A verbatim transcript of the data that follows, free of images, is the expected result.

-------- Given material

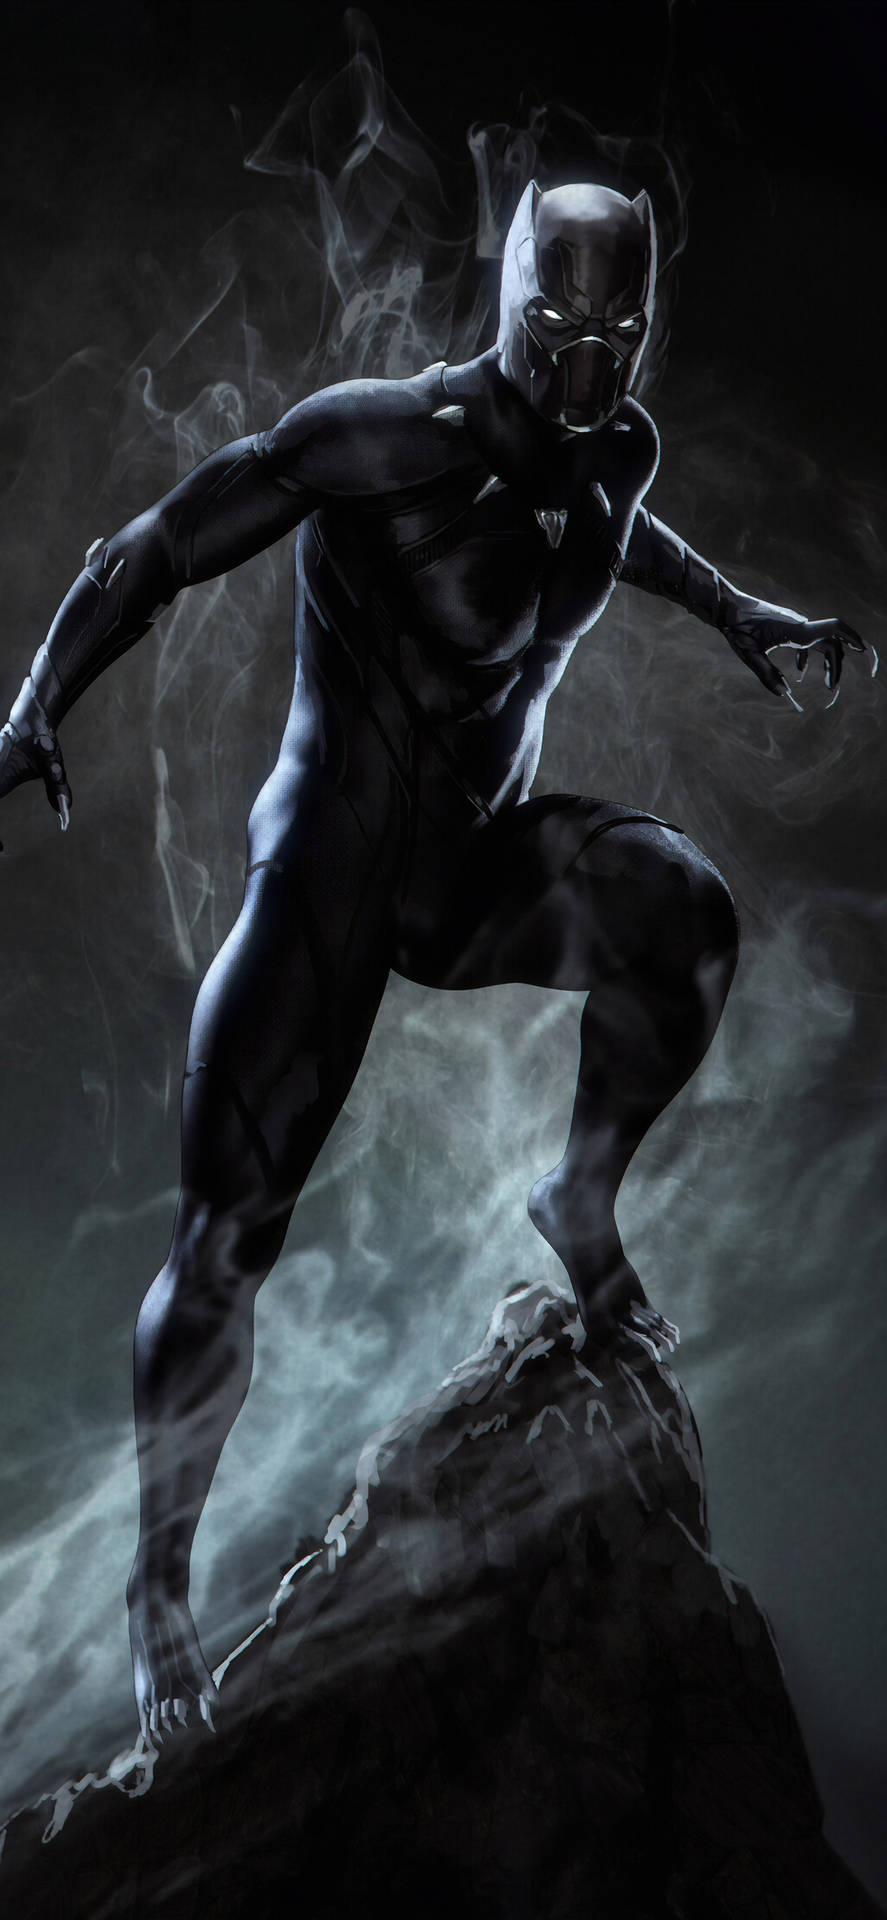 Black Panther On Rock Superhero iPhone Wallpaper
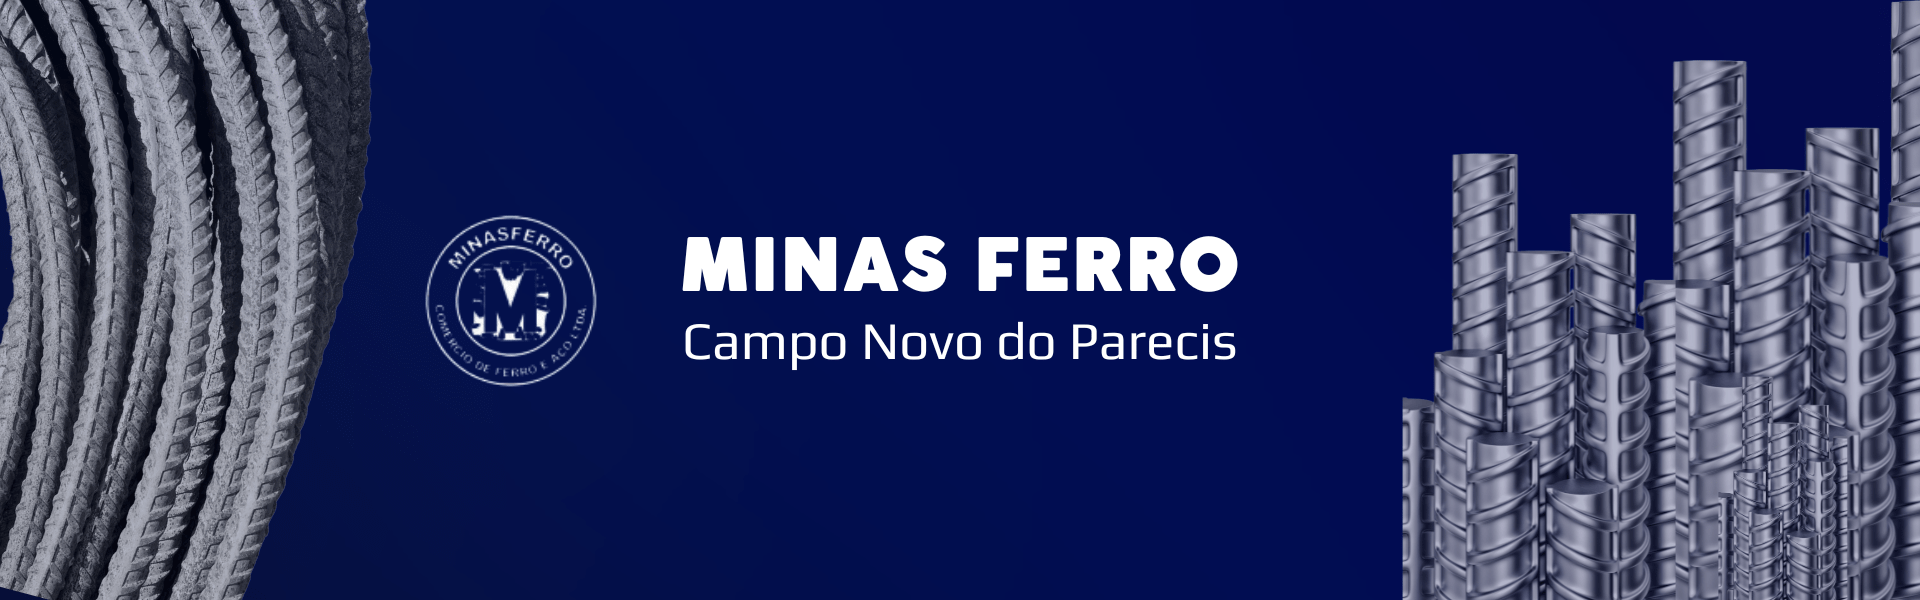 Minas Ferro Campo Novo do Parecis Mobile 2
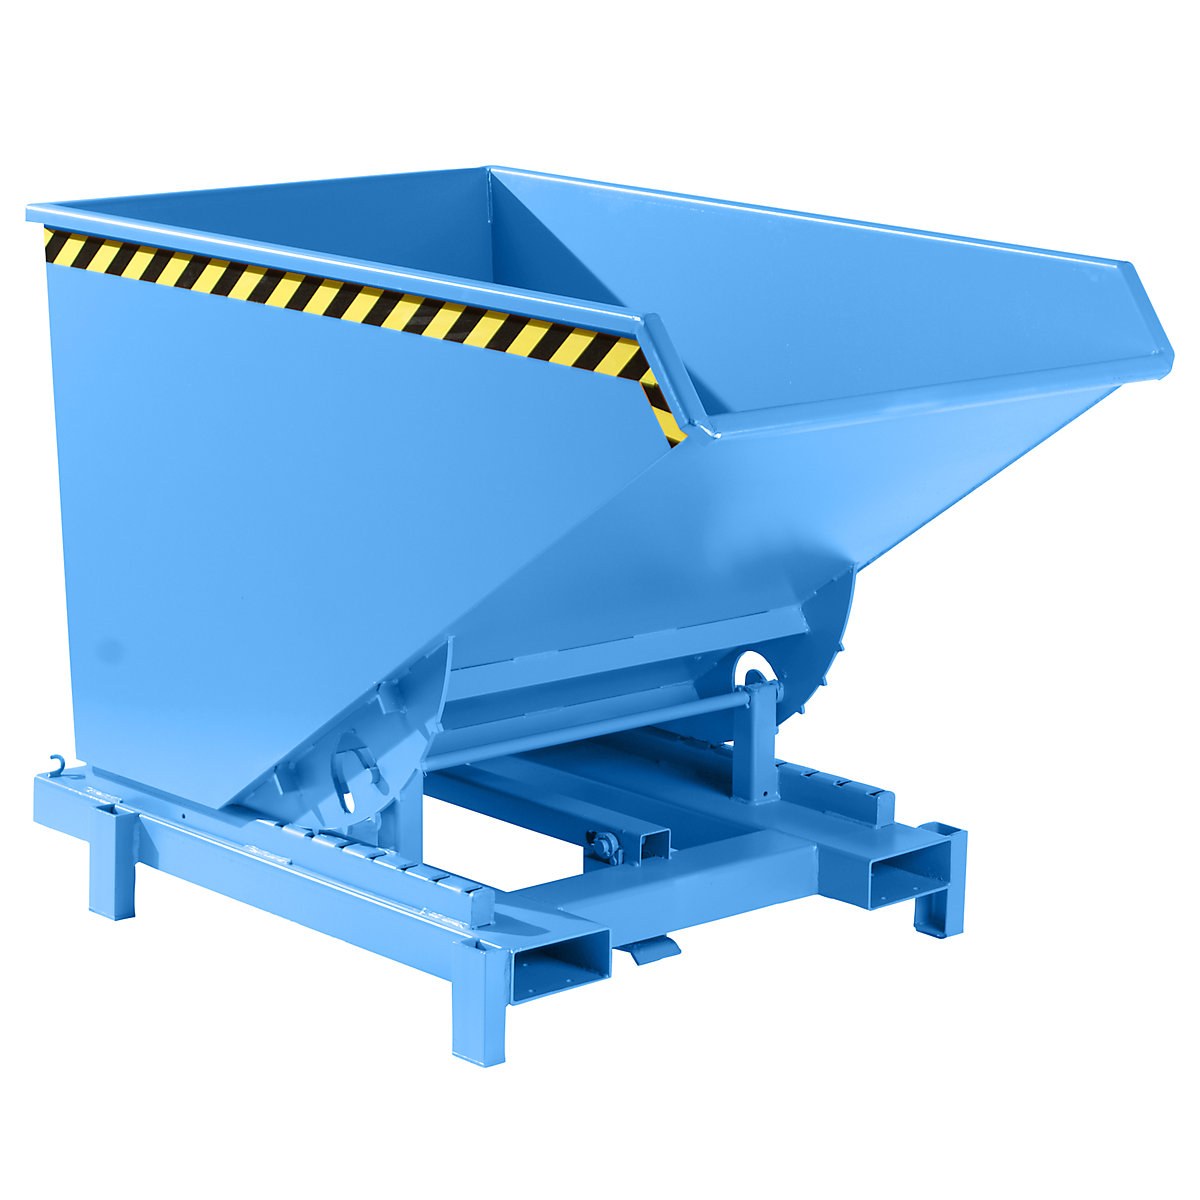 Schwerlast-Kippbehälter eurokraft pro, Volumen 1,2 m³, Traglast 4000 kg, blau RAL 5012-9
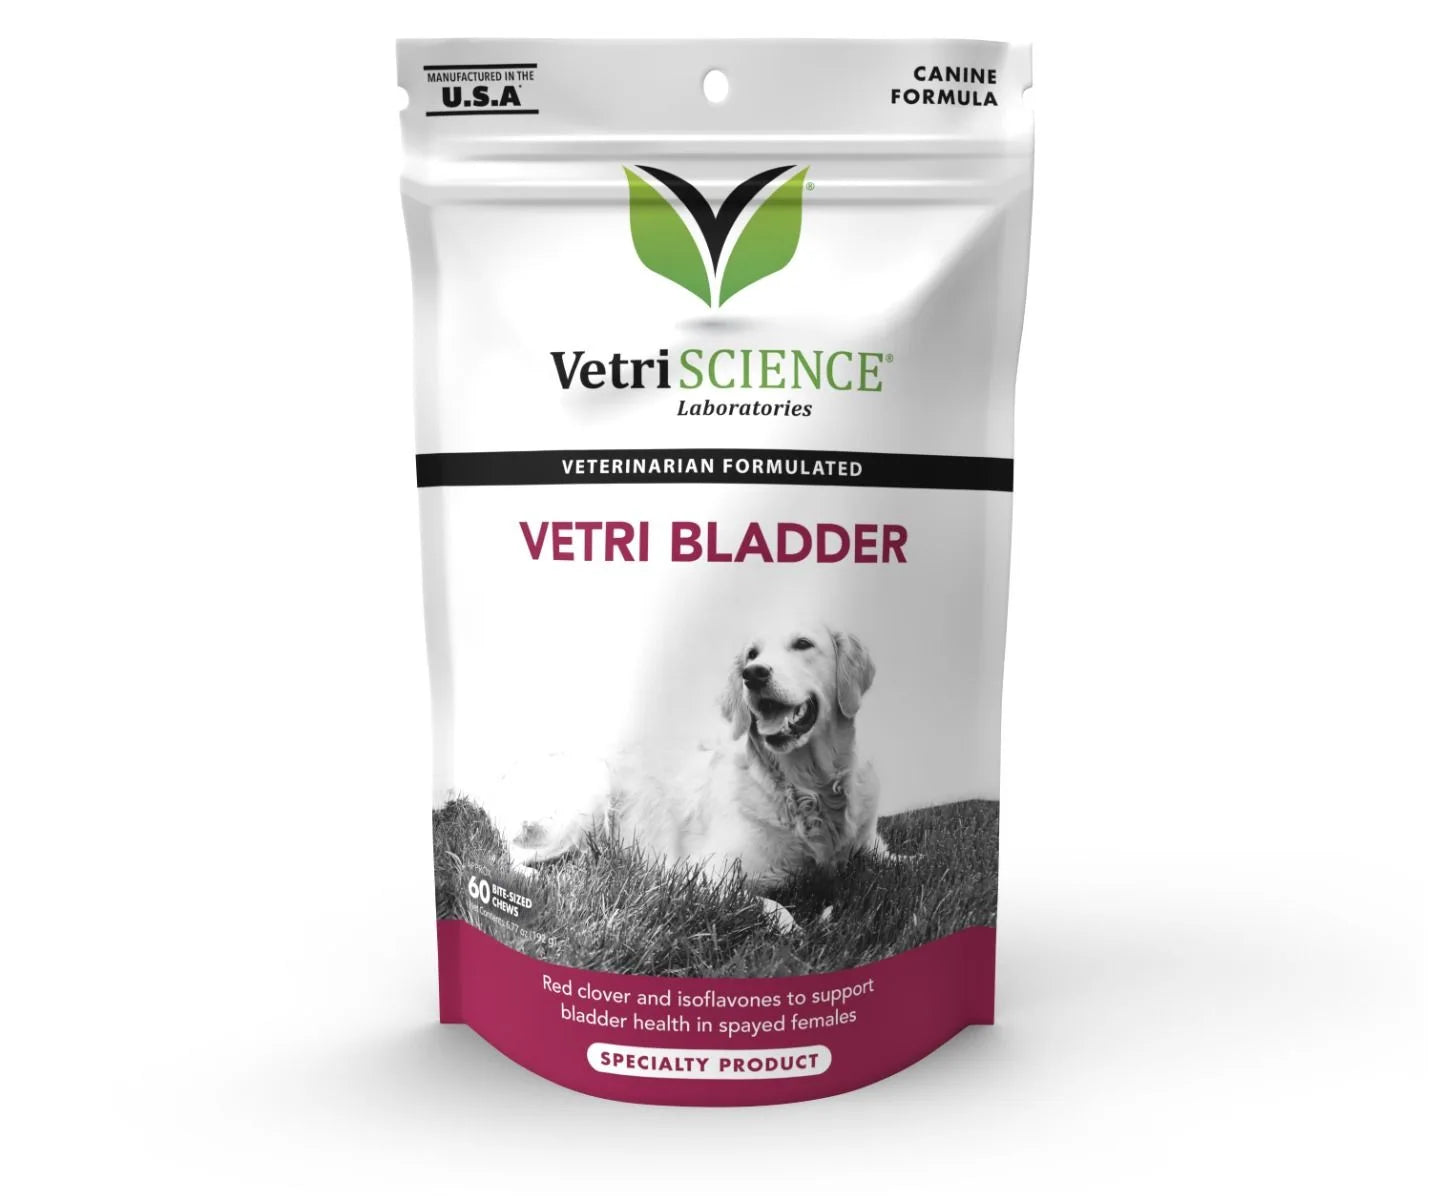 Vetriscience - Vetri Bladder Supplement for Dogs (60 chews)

----------------

» Result of the task:
 Black Panther On Rock Superhero iPhone Wallpaper
 Minas Ferro Campo Novo do Parecis Mobile 2
 Schwerlast-Kippbehälter eurokraft pro, Volumen 1,2 m³, Traglast 4000 kg, blau RAL 5012-9
 Vetriscience - Vetri Bladder Supplement for Dogs (60 chews)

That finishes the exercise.